A Multi-Class Support Vector Machine (SVM) is an advanced version of the traditional Support Vector Machine, designed to handle problems where data can belong to more than two classes. Unlike binary SVM, which is limited to separating two classes, multi-class SVM can classify data into multiple categories by employing strategies such as one-vs-all (OvA) or one-vs-one (OvO).

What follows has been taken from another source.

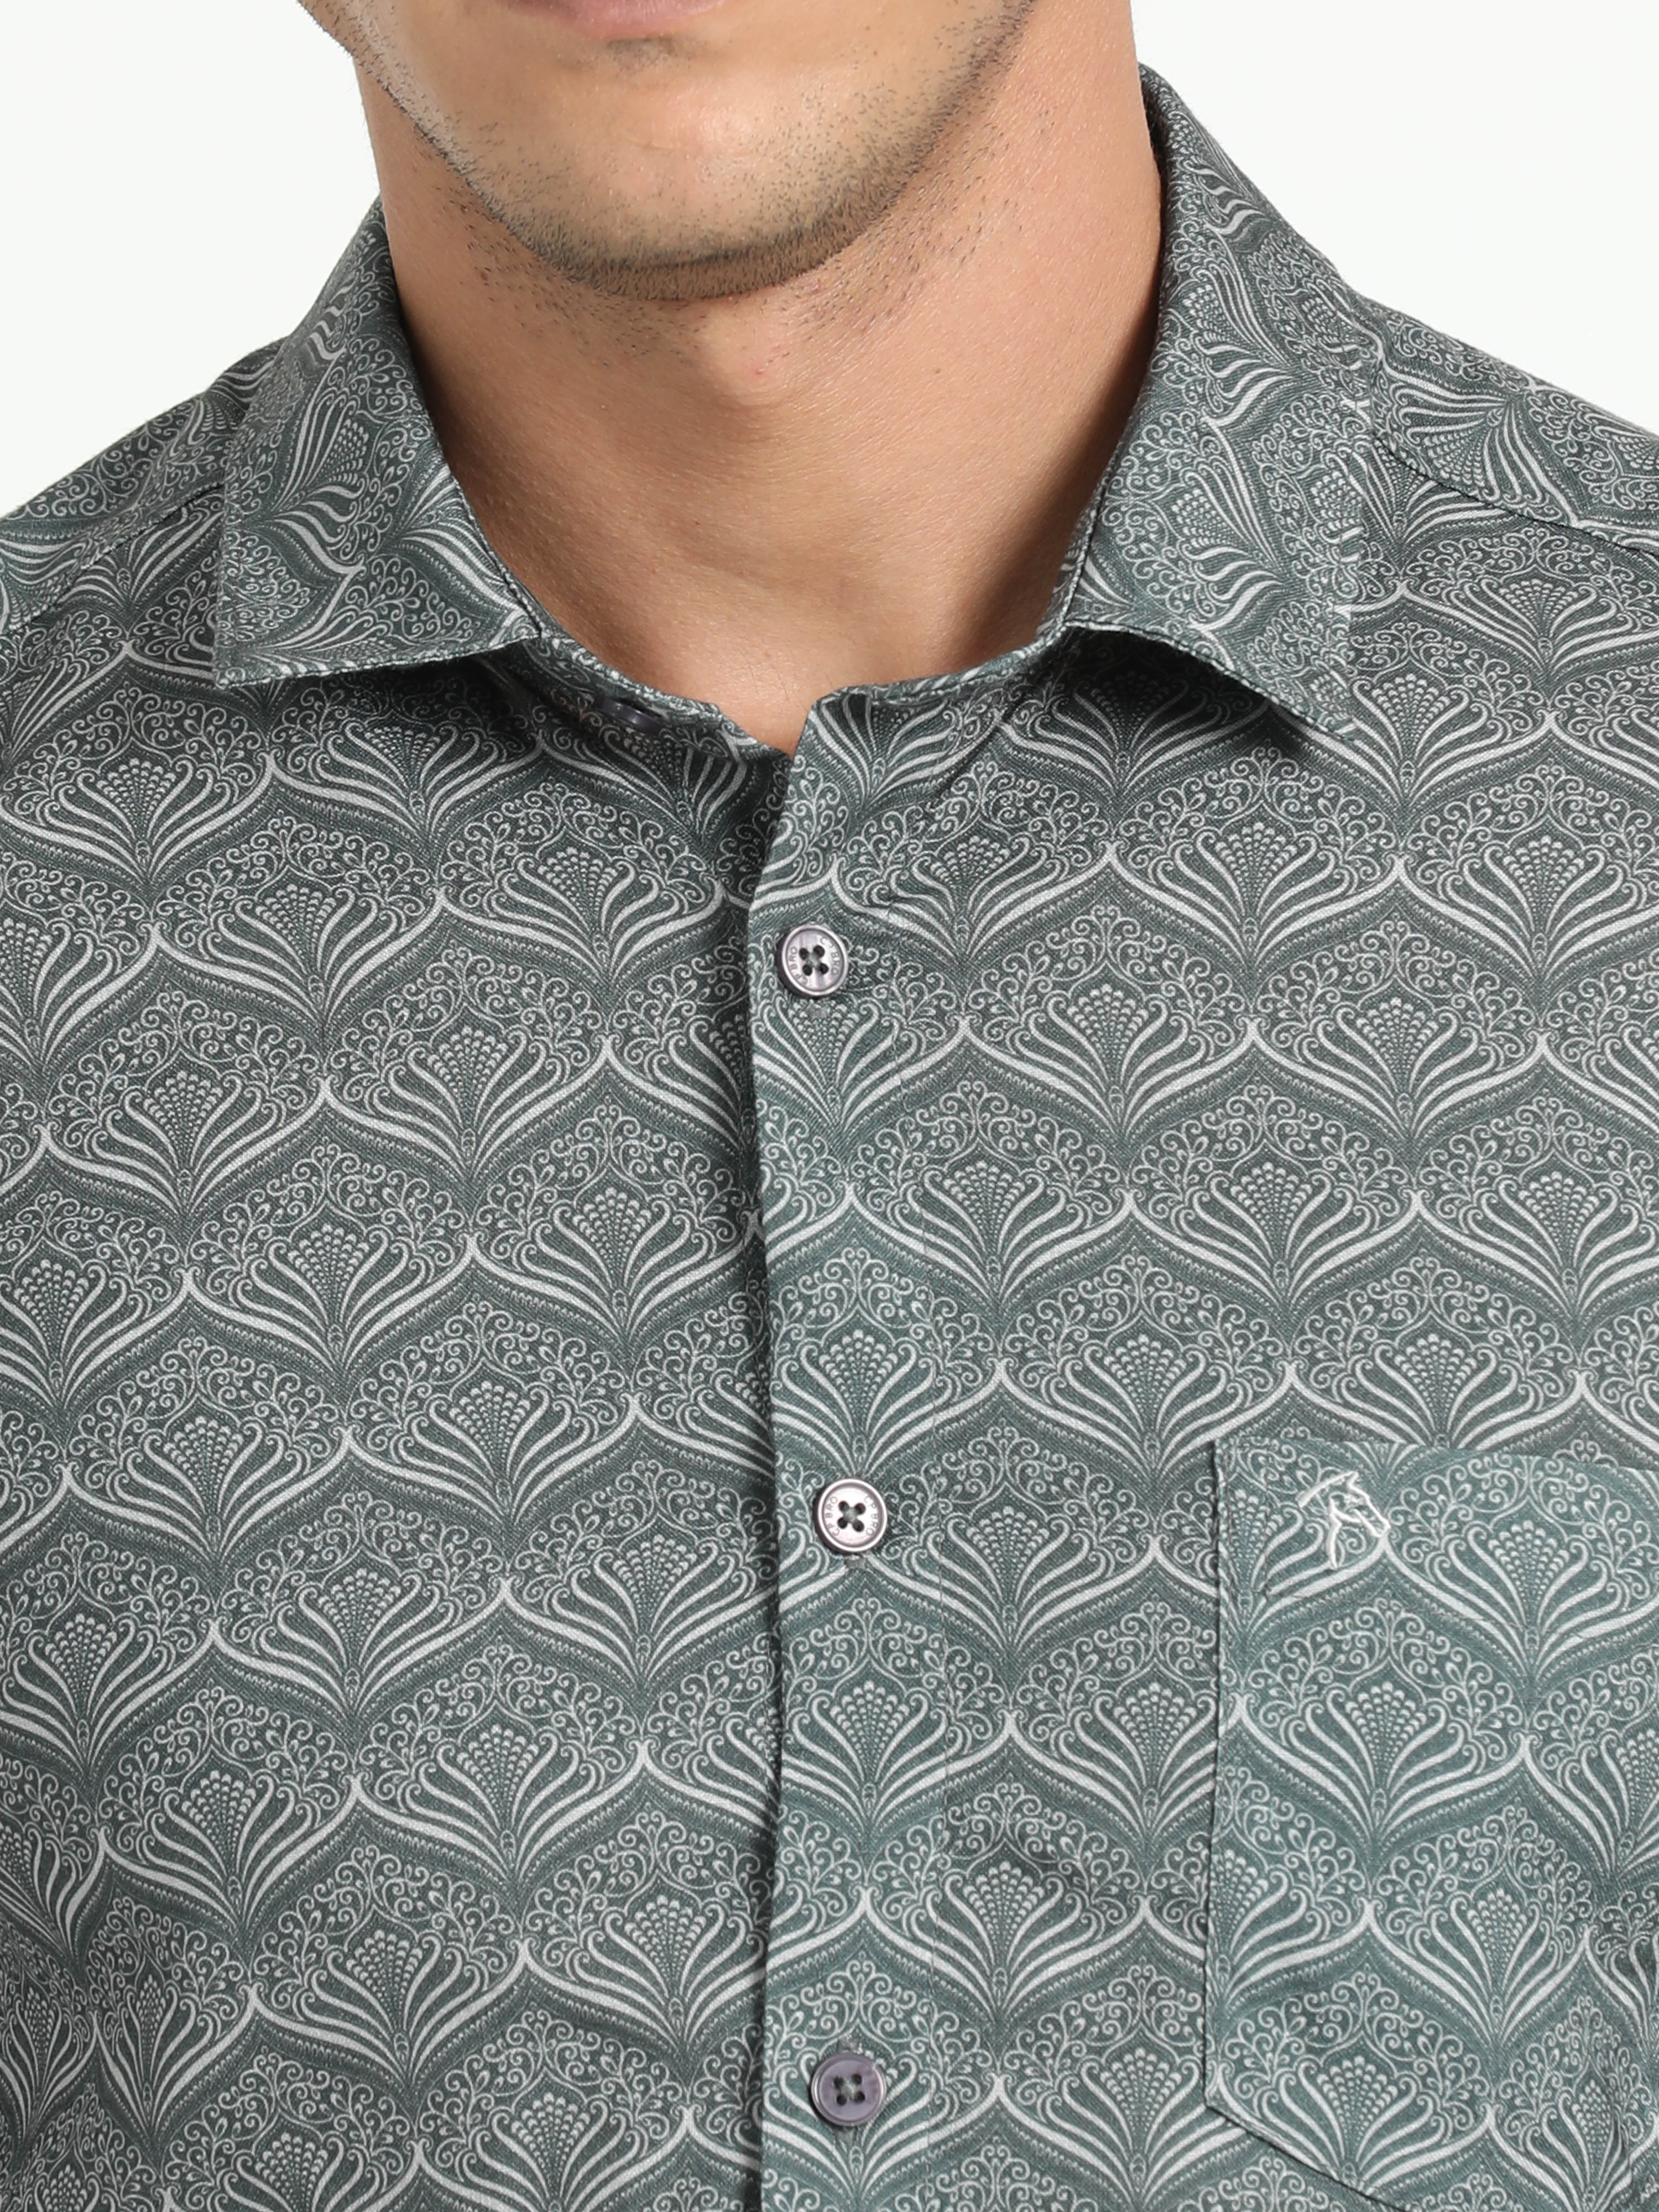 Cp Bro Men's Printed Grey Cotton Full Sleeve Woven Shirt | SBO2-70 A-FS-PRT-BSL
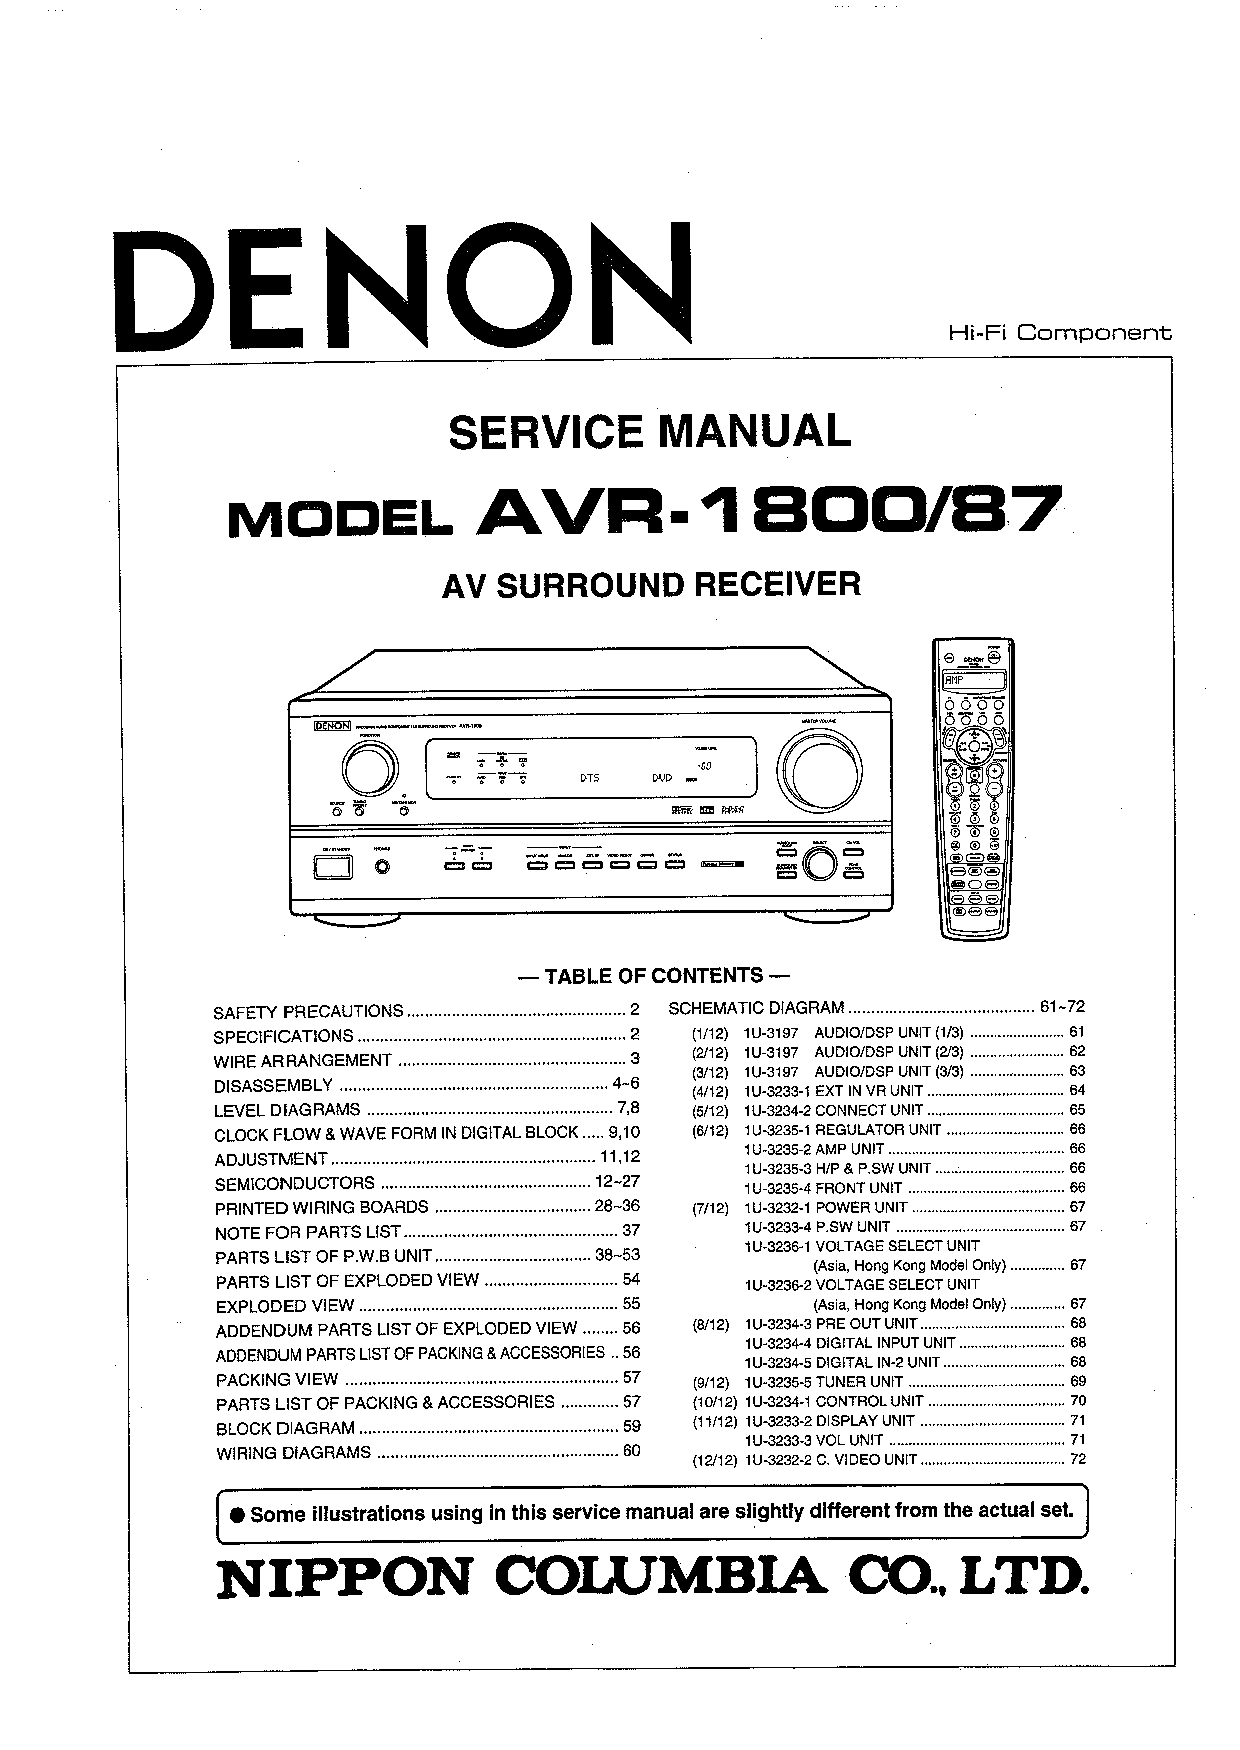 Denon AVR-1800 Service Manual

In the one-vs-all approach, the algorithm trains a separate SVM for each class, treating the current class as positive and all others as negative. This results in several binary classifiers, and the classifier that produces the highest score during prediction determines the final class label. Conversely, the one-vs-one method involves training a classifier for every pair of classes, leading to a vast number of classifiers, particularly when the number of classes is large.
Multi-class SVMs maintain the core principles of SVM, which include maximizing the margin between classes and using a kernel function to transform data into a higher-dimensional space if necessary. Commonly used kernel functions include linear, polynomial, and radial basis function (RBF) kernels, which help SVMs to effectively deal with non-linear data distributions.
Multi-Class SVMs are widely used in various applications, including image classification, text categorization, and bioinformatics, due to their robustness and effectiveness in handling complex datasets. By leveraging the principles of SVM, these algorithms provide strong performance in distinguishing among multiple categories, making them a popular choice in machine learning tasks.